Yeah. My System is chipped on the chainstay too. A nice sized on if i might add. Black nail polish and a clear chainguard will fix you proper.


----------



## the Inbred (Feb 28, 2004)

It won't be covered. The clear coat and a paint chip are different issues.


----------



## zamboni (Sep 11, 2003)

So I'm not the only one with this problem.


----------



## greg44 (Feb 15, 2008)

Zamboni, I'm in the process with lbs of having my six13 clear coat frame replaced. I tried out a system6 yesterday and it may be a possible replacement. Rep is having a hard time finding a replacement since my bike has 30mm bottom bracket. How do you like the system after riding a six13.


----------



## zamboni (Sep 11, 2003)

Compare the two System Six is more comfy and very stable on desent, still have the same charactors as CAAD9 on the rear. If the rep can't locate S6 I would pay some money and upgrade to Super Six.


----------



## capt_phun (Jun 14, 2004)

Its aluminum back there, the paint chips off metal easier. I had a system6, & gravel, road debris etc would cause paint chips. You want the bike to look new, don't ride it, just hang it on the wall as art.


----------



## zosocane (Aug 29, 2004)

I agree with Starnut, ultimately you should have a good relationship with your LBS to see how much push they have with Cannondale to get the warranty replacement.

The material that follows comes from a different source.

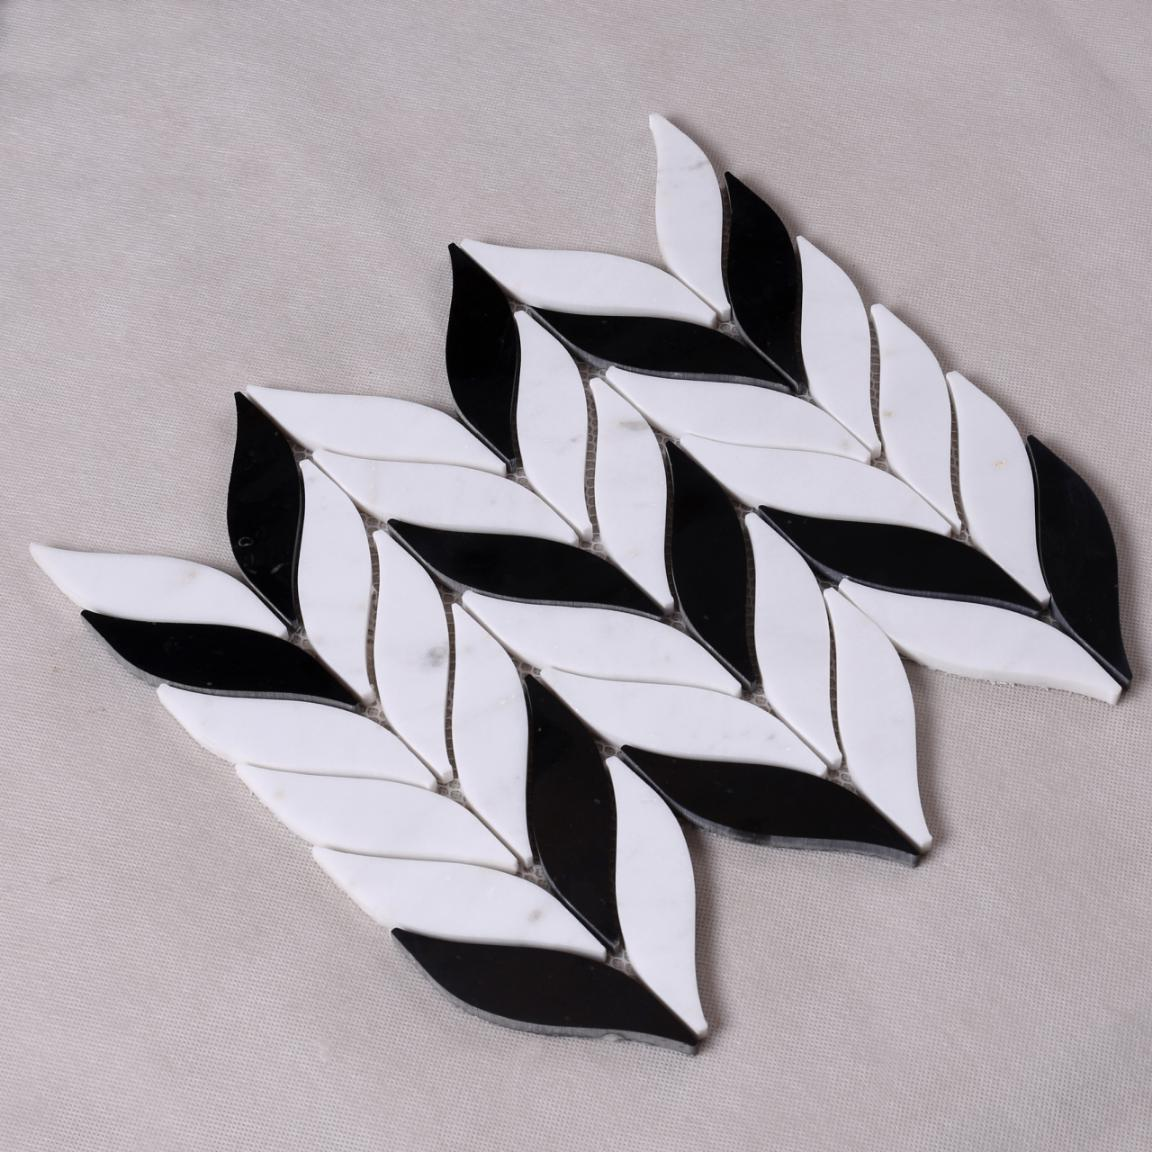 Heng Xing Custom glass stone mosaic manufacturers for bathroom-3

It seems to me that a paint chip caused by, e.g., some road debris that smacks the frame and causes the chip is wear and tear not covered by the warranty. By a paint chip because the quality of the paint deteriorated to the point where the paint falls off through no cause, that should be covered by the warranty. Although it's not paint chipping, I'm getting my Six13 frame warrantied to a SystemSix because of clearcoat corrosion.


----------



## zamboni (Sep 11, 2003)

Agreed but in this case the paint chip was not cause by road debris or rocks, it's has to do with workmanship, you be upset if you paid this much for a frame and turn out to be defective.
Cannondale is pretty good with their paint job but once in a while you have some will slip by quality inspection.


----------



## CHL (Jun 24, 2005)

Cannondale is pretty good with their paint job but once in a while you have some will slip by quality inspection.[/QUOTE said:


> Don't know about this Zamboni. My 1998 CAAD2 had the best paint job (of the C'dles I've owned). I didn't see any contamination in the paint and never experienced any road hazard damage. My CAAD4 has numerous contaminants in the paint. My Super Six has the same contamination and I do see some un-even paint application.
> 
> Now if Cannondale's paint jobs were as good as Klein or Calfee, we'll be be golden.
> 
> ...


----------